Yes! I LOVE this show and was just wondering about the return.


----------



## LuckyGirl3513 (Sep 11, 2008)

oh awesome!! Me and my roommates are so in love with Charles and Cassie its ridiculous.. Have you been seeing all the commercials for the premiere?? Umm....it looks really intense


----------



## MiCHiE (Sep 12, 2008)

No, actually I hadn't seen any commercials. I was just watching (or trying, at least) a marathon of _The Secret Life of the American Teenager_ or whatever it's called and didn't see on _Lincoln Heights_ promo. So, I'm glad I saw this thread.


----------



## LuckyGirl3513 (Sep 16, 2008)

Thought i would remind you that tonight is the night! yay, finally!
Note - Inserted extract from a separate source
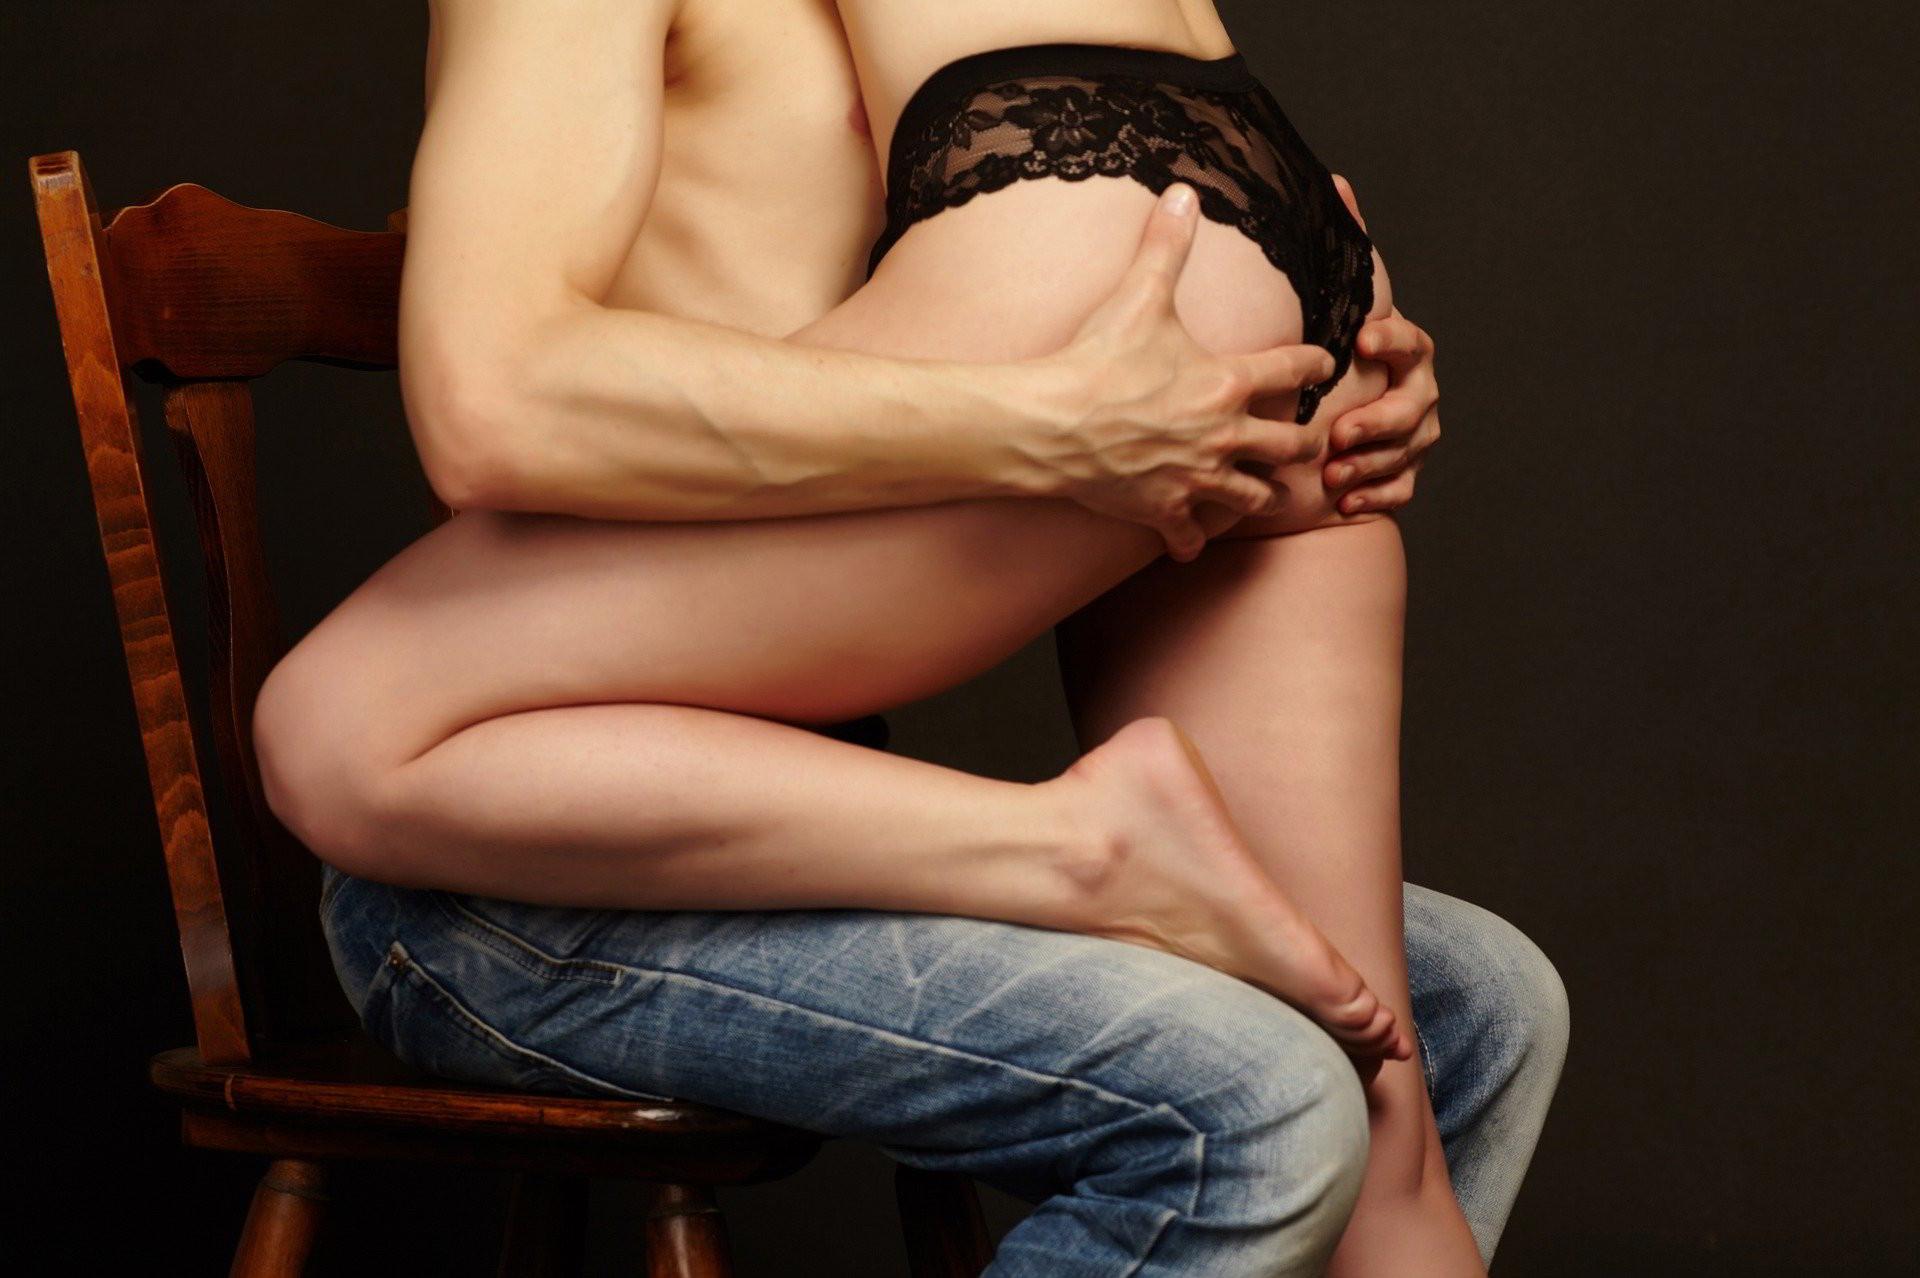 Pourquoi votre homme devrait parfois porter une cage de chasteté ?

I can't wait to see what happens when sage wakes up...hopefully she'll stay away from Charles...


----------



## noahlowryfan (Sep 16, 2008)

i'm thinking about watching this or 90210. i just can't choose. they're both great shows.


----------



## LuckyGirl3513 (Sep 17, 2008)

Well i went out to dinner last night so i had to DVR both but i couldn't wait until tonight to watch Lincoln Heights so i watched it on the website at work this morning...It definitely didn't disappoint, i felt like i was on the edge of my seat the whole time...You should def watch it

Also, lemme know what you think about the previews for next weeks....


----------



## LuckyGirl3513 (Sep 24, 2008)

Holy crap! Did anyone watch this last night? Charles and Cassie had sex, and in the promos for next week she tells her mom she thinks shes preggers....WOW!


----------



## LuckyGirl3513 (Oct 3, 2008)

Where did you guys go?? Sage is moving in with the Suttons...thats huge!


----------